Predicting the Performance of Graph Convolutional Networks with Spectral Properties of the Graph Laplacian
This addresses the challenge of optimizing GCNs for researchers and practitioners by providing a predictive metric, though it is incremental as it builds on known spectral graph theory.
The paper tackles the problem of predicting Graph Convolutional Network (GCN) performance by using the Fiedler value (algebraic connectivity) of the graph Laplacian, showing empirically that it correlates with performance on tasks like node classification across synthetic and real datasets such as Cora, CiteSeer, and Polblogs.

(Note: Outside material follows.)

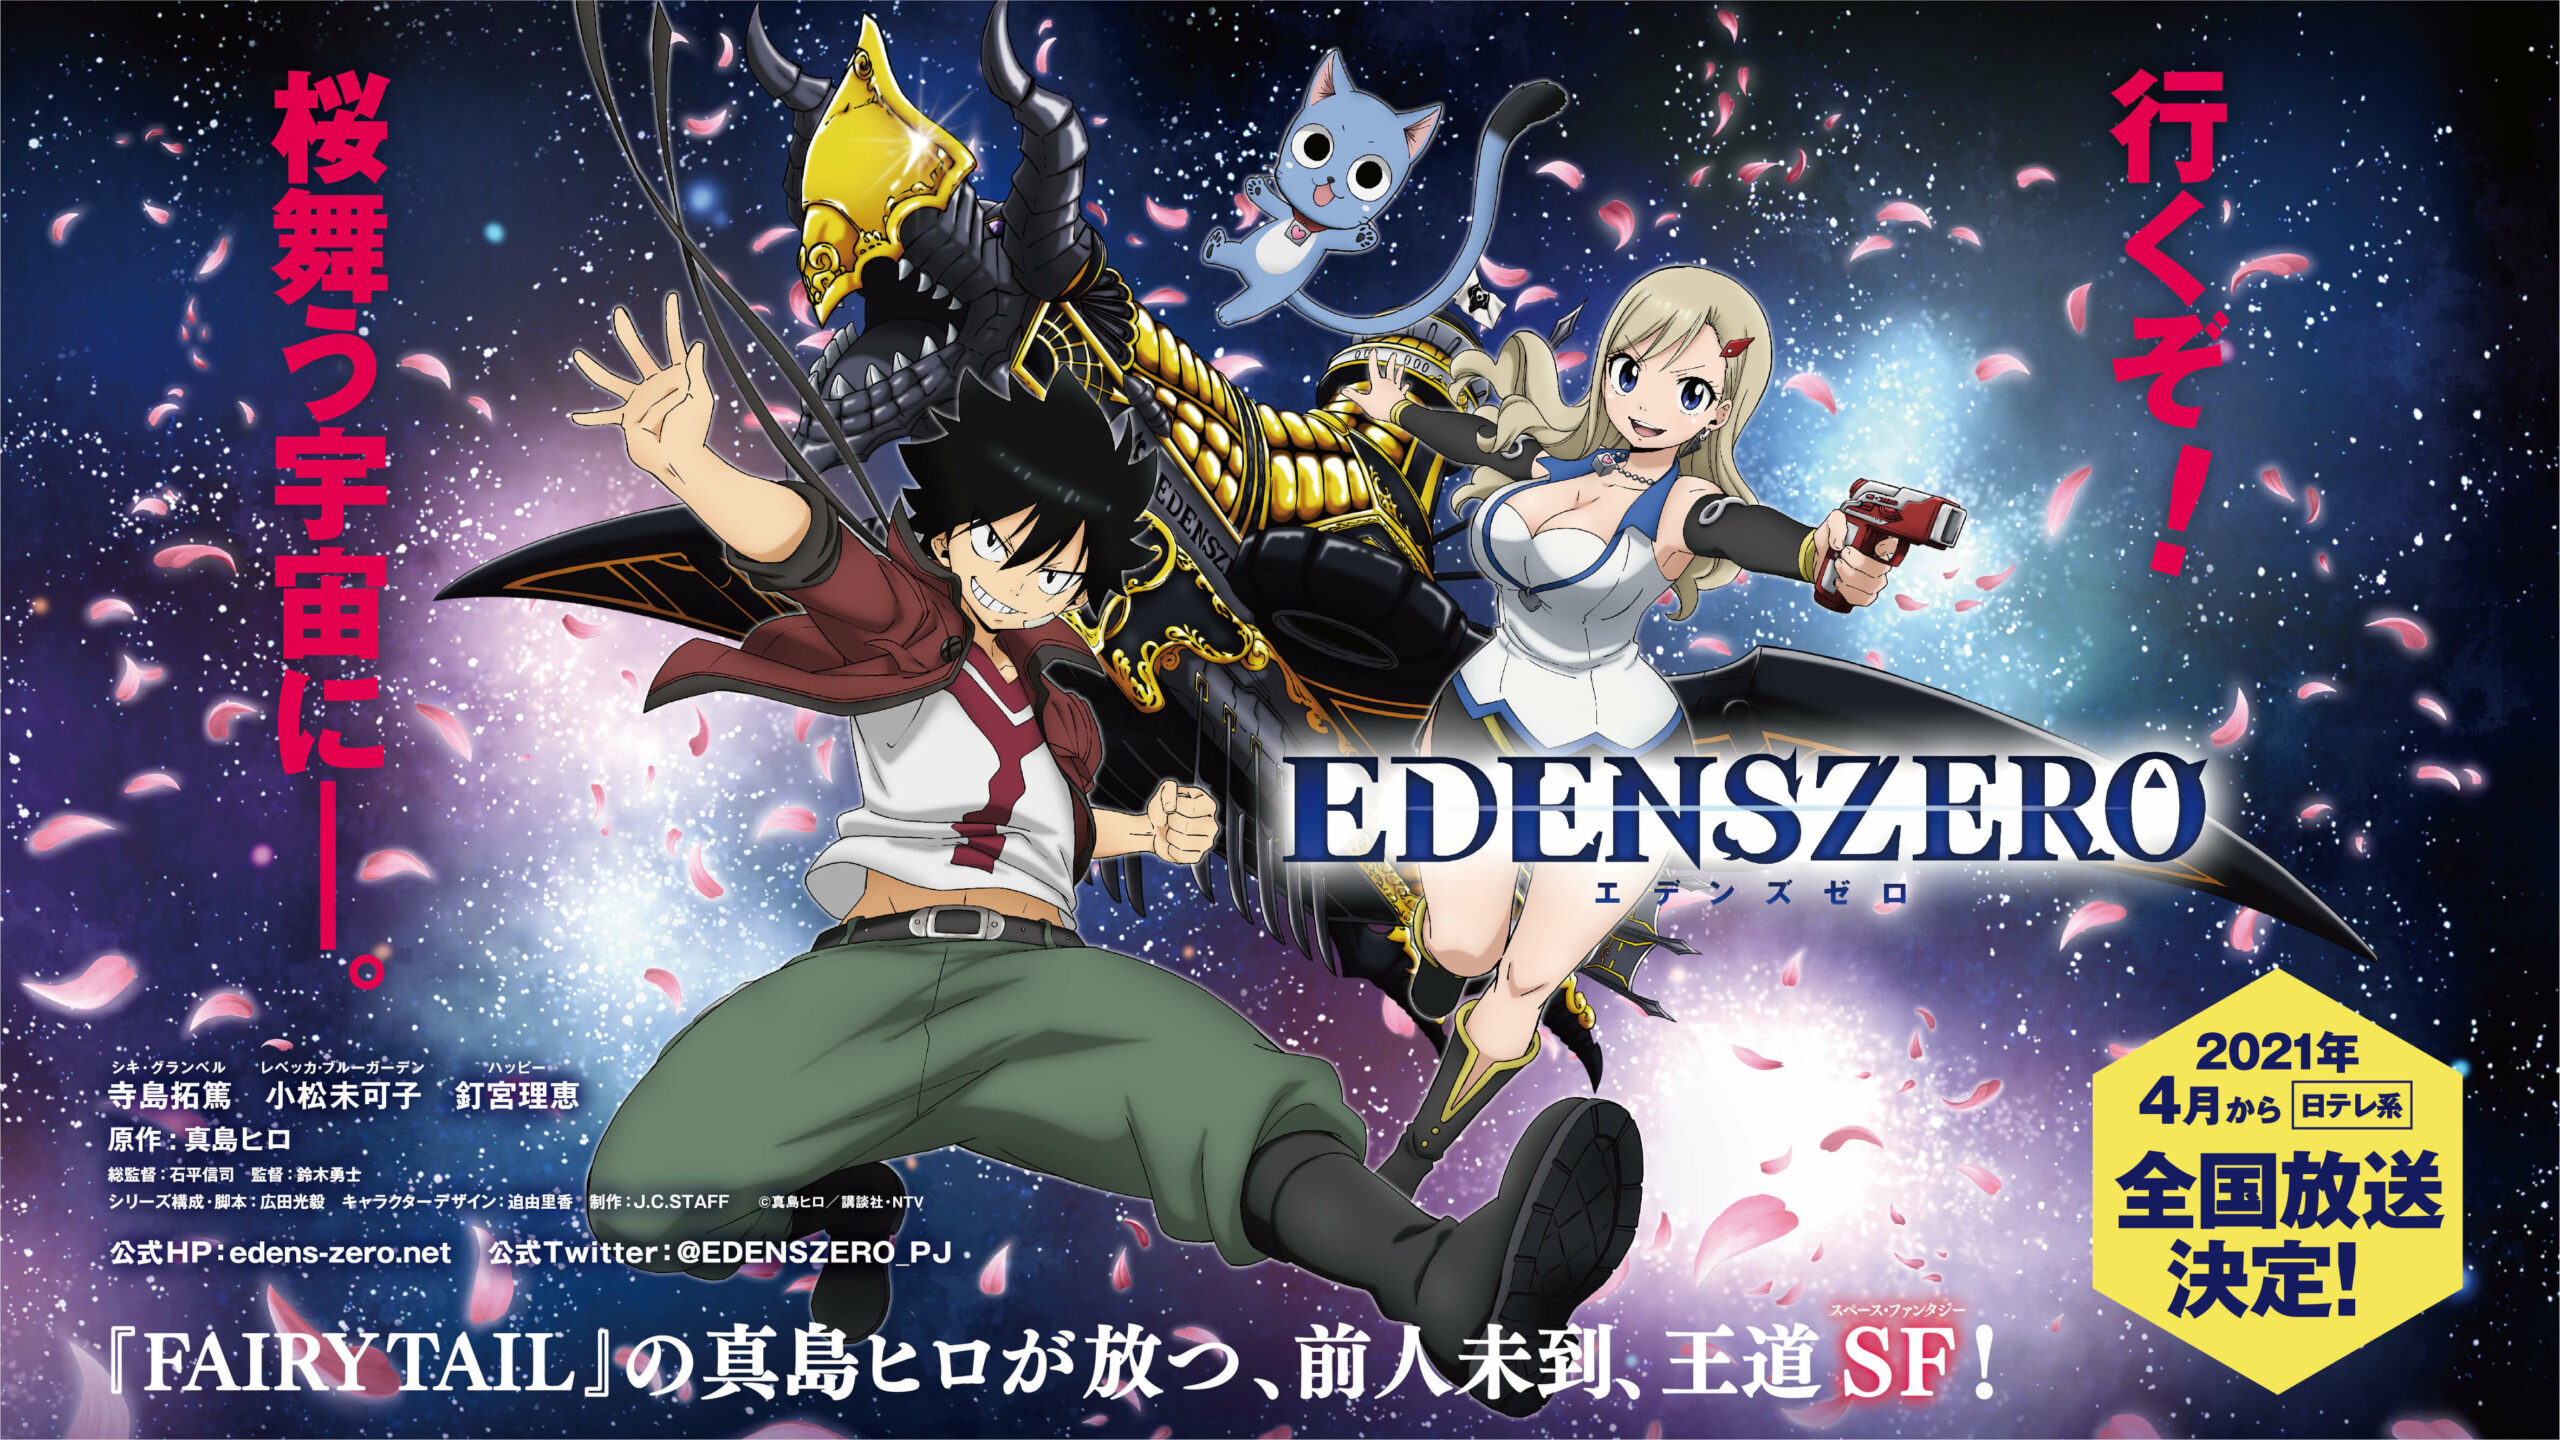 Edens Zero Anime enthüllt bestätigtes Erscheinungsdatum im April mit Trailer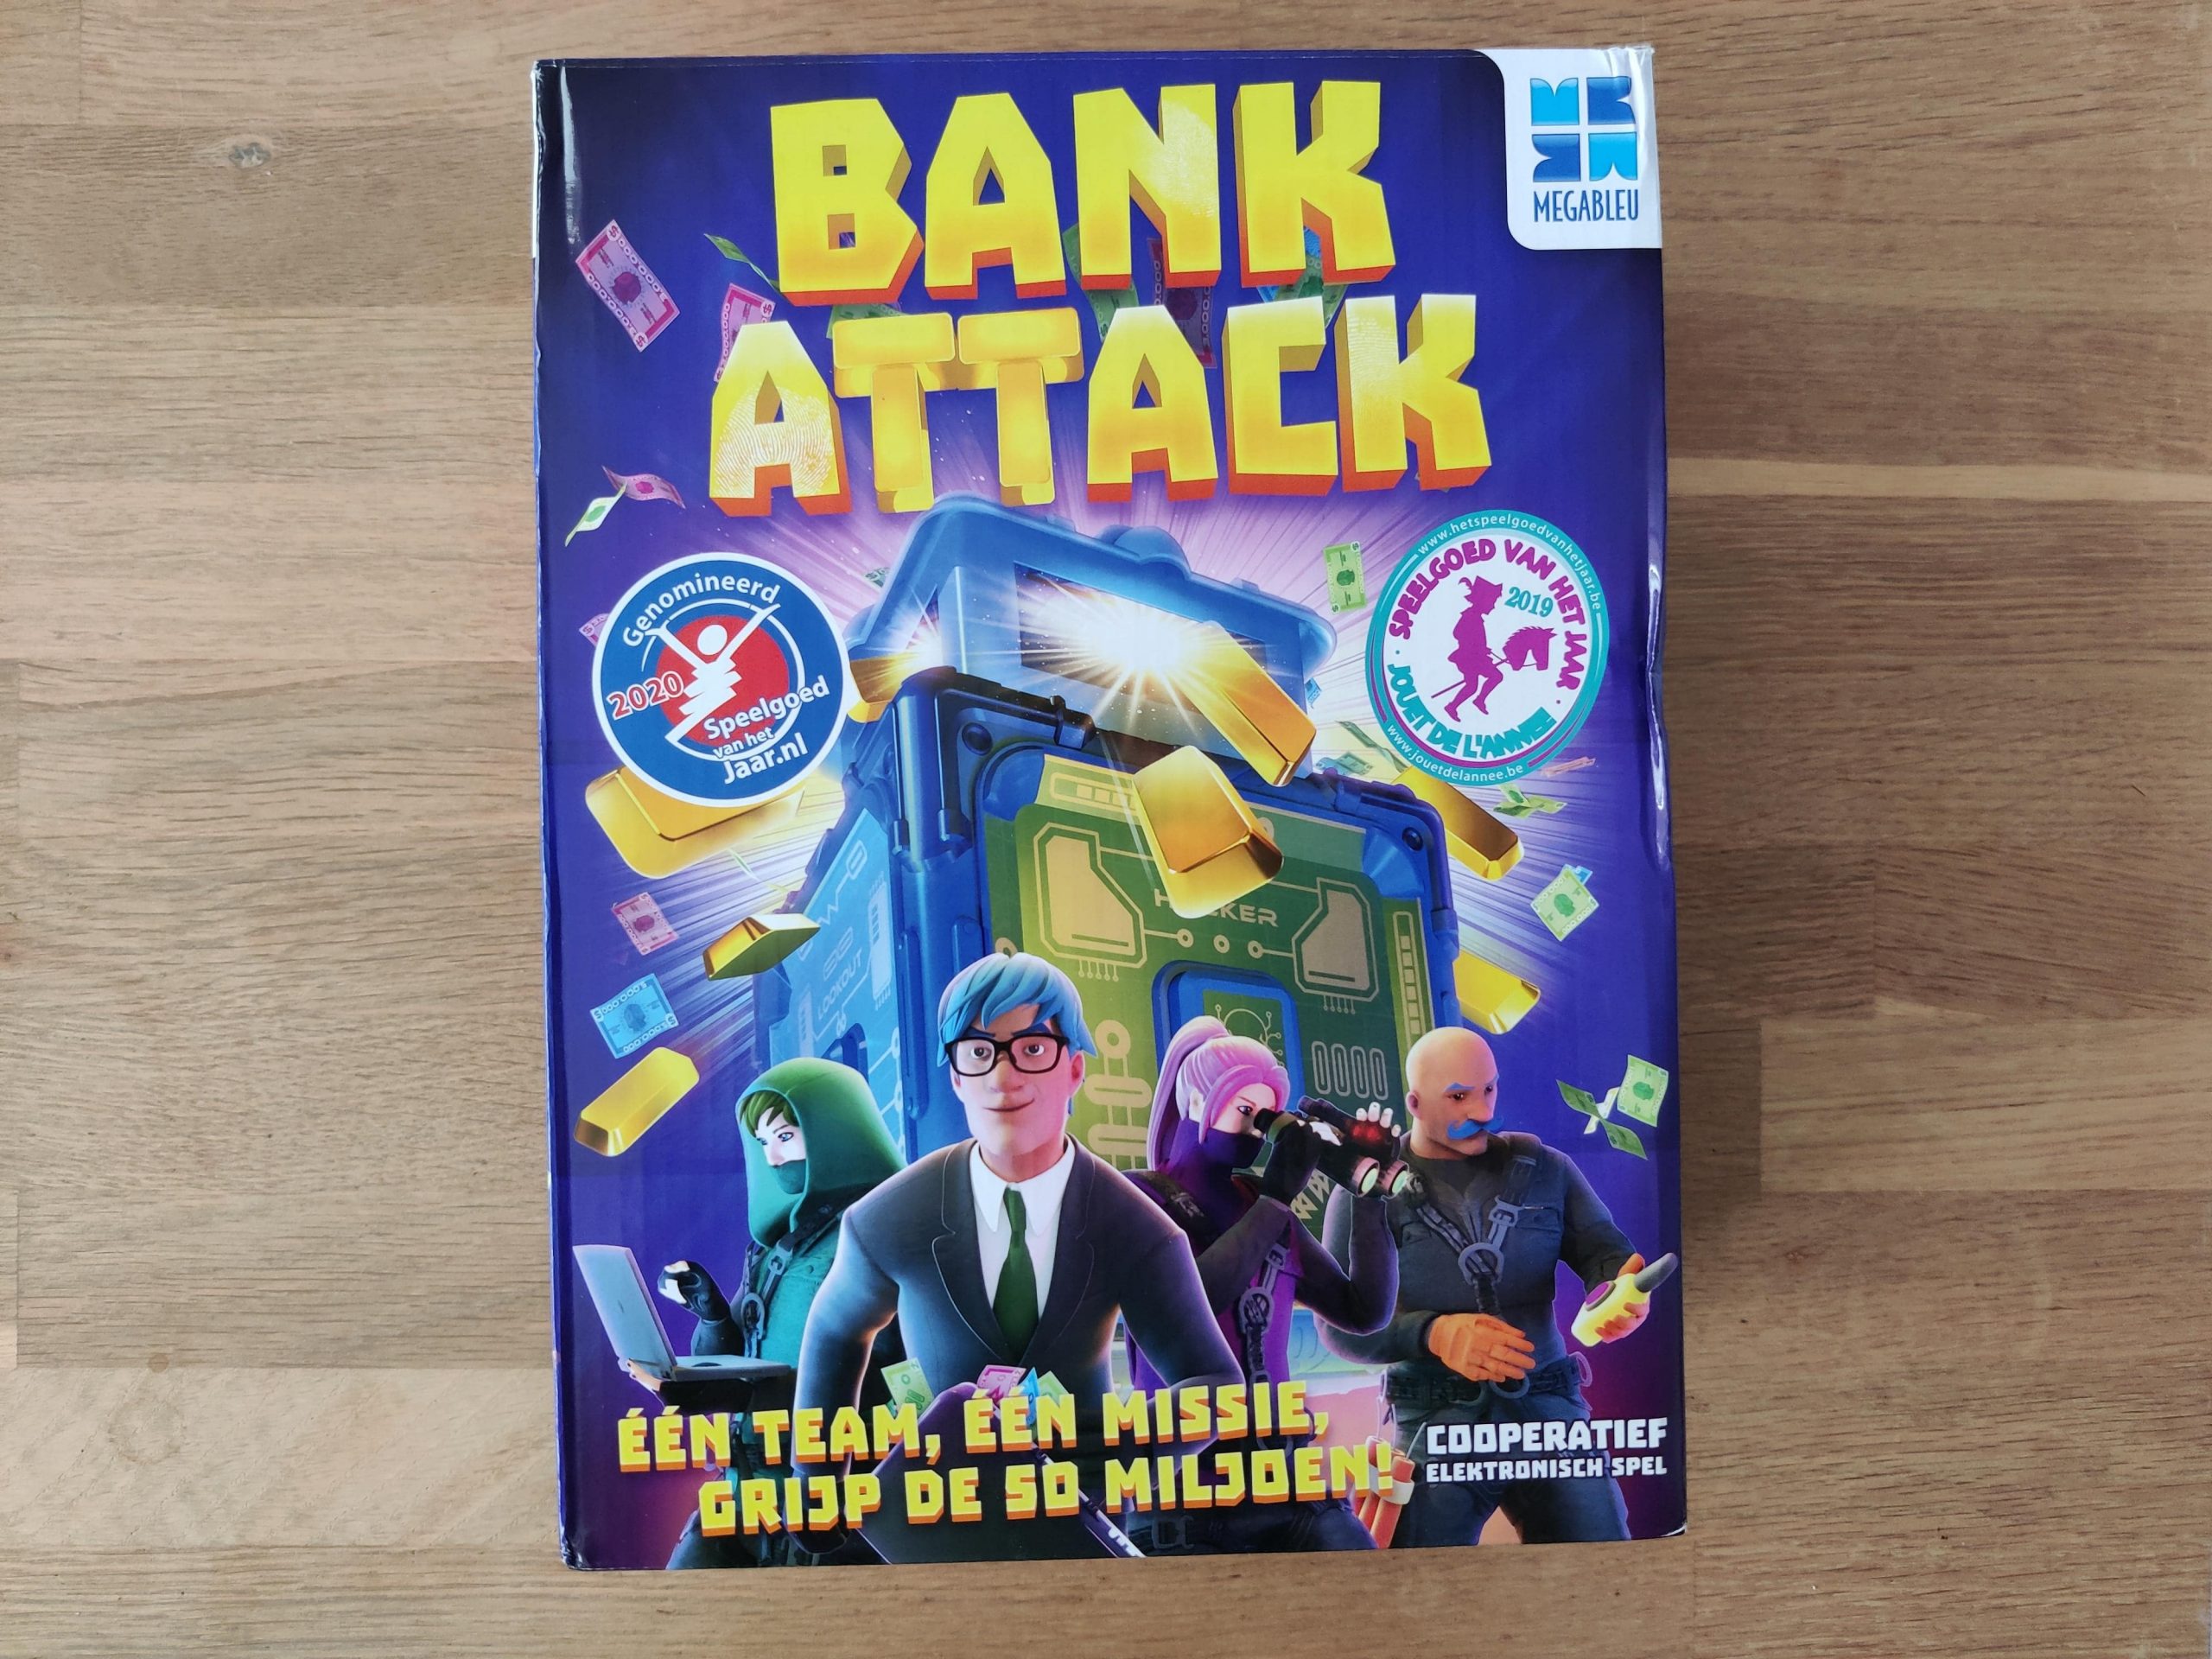 Bank Attack

A common observation in the Graph Convolutional Network (GCN) literature is that stacking GCN layers may or may not result in better performance on tasks like node classification and edge prediction. We have found empirically that a graph's algebraic connectivity, which is known as the Fiedler value, is a good predictor of GCN performance. Intuitively, graphs with similar Fiedler values have analogous structural properties, suggesting that the same filters and hyperparameters may yield similar results when used with GCNs, and that transfer learning may be more effective between graphs with similar algebraic connectivity. We explore this theoretically and empirically with experiments on synthetic and real graph data, including the Cora, CiteSeer and Polblogs datasets. We explore multiple ways of aggregating the Fiedler value for connected components in the graphs to arrive at a value for the entire graph, and show that it can be used to predict GCN performance. We also present theoretical arguments as to why the Fiedler value is a good predictor.